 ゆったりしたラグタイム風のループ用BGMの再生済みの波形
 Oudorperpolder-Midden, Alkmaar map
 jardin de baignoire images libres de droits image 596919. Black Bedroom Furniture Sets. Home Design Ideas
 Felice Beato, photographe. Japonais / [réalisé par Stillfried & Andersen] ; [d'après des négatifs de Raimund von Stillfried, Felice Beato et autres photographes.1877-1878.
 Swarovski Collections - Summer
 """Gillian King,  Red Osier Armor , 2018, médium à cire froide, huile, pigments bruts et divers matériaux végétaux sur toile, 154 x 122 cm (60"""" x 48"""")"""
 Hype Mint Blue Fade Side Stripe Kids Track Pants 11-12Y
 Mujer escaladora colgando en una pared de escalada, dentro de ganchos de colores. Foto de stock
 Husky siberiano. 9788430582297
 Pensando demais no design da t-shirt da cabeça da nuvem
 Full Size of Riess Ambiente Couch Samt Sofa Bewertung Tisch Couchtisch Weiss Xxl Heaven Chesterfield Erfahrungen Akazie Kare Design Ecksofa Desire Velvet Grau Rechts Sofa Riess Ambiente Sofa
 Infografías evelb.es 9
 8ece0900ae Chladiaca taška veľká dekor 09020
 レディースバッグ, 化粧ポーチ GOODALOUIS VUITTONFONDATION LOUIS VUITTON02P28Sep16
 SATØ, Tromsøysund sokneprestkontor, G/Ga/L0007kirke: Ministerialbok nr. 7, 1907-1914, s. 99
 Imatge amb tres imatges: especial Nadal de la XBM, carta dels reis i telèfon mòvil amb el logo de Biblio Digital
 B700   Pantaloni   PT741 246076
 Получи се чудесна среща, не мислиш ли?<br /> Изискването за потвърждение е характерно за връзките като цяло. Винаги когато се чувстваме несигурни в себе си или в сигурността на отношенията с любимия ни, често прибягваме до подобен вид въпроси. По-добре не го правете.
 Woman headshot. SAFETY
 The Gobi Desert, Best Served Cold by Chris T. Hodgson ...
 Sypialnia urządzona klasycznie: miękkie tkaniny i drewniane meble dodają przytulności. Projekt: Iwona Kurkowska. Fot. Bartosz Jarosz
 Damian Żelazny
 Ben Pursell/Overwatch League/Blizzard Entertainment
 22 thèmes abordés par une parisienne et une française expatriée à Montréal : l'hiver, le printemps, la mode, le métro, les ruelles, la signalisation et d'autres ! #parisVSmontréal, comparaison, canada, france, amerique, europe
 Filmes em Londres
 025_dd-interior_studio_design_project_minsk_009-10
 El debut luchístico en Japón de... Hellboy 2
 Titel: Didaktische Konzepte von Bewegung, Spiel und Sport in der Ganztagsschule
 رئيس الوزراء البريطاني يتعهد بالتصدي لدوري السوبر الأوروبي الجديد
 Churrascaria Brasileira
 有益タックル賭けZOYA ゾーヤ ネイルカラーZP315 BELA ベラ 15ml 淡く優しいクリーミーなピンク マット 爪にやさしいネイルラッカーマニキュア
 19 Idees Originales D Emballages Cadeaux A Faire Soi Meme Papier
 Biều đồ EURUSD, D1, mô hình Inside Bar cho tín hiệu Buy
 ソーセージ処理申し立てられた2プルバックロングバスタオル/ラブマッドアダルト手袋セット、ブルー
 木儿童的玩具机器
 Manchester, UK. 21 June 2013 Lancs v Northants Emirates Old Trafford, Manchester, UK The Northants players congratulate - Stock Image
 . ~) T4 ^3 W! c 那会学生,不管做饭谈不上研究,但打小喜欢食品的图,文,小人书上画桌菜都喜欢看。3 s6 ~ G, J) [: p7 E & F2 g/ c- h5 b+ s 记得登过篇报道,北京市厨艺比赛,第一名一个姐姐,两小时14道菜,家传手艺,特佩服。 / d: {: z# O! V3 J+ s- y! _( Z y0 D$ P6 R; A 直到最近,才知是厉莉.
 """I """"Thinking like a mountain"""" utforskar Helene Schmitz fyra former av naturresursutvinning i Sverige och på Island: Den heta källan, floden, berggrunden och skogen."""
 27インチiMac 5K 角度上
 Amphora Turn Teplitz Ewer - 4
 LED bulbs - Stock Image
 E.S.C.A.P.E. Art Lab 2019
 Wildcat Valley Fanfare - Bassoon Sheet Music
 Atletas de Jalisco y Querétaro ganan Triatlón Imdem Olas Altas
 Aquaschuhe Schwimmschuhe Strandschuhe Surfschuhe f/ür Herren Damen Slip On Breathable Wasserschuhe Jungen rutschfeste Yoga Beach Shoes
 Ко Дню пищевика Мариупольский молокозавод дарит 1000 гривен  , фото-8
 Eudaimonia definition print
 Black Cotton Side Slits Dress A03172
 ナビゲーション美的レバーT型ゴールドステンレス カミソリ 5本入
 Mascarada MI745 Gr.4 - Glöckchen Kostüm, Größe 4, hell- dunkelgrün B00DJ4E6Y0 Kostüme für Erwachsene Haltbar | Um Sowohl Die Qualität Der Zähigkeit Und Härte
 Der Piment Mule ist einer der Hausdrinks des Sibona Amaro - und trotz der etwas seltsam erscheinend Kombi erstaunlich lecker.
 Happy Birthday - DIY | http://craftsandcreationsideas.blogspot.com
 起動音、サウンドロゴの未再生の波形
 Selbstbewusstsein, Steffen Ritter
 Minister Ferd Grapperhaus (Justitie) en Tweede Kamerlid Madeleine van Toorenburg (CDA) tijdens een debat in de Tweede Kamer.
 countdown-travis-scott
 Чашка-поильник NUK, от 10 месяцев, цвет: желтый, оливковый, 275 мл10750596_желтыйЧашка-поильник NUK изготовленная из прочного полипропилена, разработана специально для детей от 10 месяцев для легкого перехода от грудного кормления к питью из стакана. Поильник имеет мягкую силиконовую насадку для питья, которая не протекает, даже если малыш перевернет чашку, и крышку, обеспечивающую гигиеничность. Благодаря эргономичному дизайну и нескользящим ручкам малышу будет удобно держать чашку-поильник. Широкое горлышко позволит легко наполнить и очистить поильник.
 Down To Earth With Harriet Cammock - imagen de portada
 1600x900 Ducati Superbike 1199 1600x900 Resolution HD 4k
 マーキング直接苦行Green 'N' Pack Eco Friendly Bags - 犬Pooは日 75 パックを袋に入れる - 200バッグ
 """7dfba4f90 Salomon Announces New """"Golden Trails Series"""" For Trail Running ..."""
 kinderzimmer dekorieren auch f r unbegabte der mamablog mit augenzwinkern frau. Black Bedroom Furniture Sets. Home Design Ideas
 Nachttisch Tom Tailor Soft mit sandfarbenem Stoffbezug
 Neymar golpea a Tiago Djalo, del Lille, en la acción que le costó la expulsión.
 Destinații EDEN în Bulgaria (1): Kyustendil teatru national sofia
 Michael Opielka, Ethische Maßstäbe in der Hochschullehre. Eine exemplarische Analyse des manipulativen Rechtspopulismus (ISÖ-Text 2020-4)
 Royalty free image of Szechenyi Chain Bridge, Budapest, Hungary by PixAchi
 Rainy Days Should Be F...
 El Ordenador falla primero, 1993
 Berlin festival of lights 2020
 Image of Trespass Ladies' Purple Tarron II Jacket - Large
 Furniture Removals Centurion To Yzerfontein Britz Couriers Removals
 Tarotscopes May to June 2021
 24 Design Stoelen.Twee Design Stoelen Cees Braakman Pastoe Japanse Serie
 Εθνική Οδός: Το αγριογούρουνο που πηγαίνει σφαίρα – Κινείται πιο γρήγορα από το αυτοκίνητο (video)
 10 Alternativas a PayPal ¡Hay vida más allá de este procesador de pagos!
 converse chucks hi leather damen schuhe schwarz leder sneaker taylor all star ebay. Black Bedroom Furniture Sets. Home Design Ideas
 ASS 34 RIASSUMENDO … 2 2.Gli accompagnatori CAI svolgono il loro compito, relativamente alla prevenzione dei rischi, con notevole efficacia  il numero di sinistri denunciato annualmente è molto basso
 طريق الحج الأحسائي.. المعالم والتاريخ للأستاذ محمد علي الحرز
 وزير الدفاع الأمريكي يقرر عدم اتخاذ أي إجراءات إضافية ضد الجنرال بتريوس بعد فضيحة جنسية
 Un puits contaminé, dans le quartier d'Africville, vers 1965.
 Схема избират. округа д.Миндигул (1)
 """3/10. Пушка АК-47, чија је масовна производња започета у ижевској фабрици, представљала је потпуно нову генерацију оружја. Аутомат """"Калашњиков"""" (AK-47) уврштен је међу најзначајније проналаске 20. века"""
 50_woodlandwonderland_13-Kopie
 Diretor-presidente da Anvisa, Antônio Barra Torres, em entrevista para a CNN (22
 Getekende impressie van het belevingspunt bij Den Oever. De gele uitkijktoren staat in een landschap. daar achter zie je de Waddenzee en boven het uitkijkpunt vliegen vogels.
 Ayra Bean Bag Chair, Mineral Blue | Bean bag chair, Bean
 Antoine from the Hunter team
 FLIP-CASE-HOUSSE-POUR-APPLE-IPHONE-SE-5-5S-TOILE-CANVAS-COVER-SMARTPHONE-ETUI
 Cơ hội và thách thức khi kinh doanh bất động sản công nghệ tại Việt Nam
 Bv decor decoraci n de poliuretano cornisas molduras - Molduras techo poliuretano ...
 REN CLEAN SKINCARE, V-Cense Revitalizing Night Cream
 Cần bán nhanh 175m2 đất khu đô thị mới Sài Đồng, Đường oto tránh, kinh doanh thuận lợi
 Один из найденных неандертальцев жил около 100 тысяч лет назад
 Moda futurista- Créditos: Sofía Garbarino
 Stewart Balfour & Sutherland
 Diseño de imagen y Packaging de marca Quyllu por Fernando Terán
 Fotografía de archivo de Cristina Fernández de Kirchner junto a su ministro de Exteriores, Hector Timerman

Required work: Among the lines above, find the one with "R; A 直到最近,才知是厉莉." and the one with "ナビゲーション美的レバーT型ゴールドステンレス カミソリ 5本入". Quote both and everything between them, exactly.

Exercise result:
 . ~) T4 ^3 W! c 那会学生,不管做饭谈不上研究,但打小喜欢食品的图,文,小人书上画桌菜都喜欢看。3 s6 ~ G, J) [: p7 E & F2 g/ c- h5 b+ s 记得登过篇报道,北京市厨艺比赛,第一名一个姐姐,两小时14道菜,家传手艺,特佩服。 / d: {: z# O! V3 J+ s- y! _( Z y0 D$ P6 R; A 直到最近,才知是厉莉.
 """I """"Thinking like a mountain"""" utforskar Helene Schmitz fyra former av naturresursutvinning i Sverige och på Island: Den heta källan, floden, berggrunden och skogen."""
 27インチiMac 5K 角度上
 Amphora Turn Teplitz Ewer - 4
 LED bulbs - Stock Image
 E.S.C.A.P.E. Art Lab 2019
 Wildcat Valley Fanfare - Bassoon Sheet Music
 Atletas de Jalisco y Querétaro ganan Triatlón Imdem Olas Altas
 Aquaschuhe Schwimmschuhe Strandschuhe Surfschuhe f/ür Herren Damen Slip On Breathable Wasserschuhe Jungen rutschfeste Yoga Beach Shoes
 Ко Дню пищевика Мариупольский молокозавод дарит 1000 гривен  , фото-8
 Eudaimonia definition print
 Black Cotton Side Slits Dress A03172
 ナビゲーション美的レバーT型ゴールドステンレス カミソリ 5本入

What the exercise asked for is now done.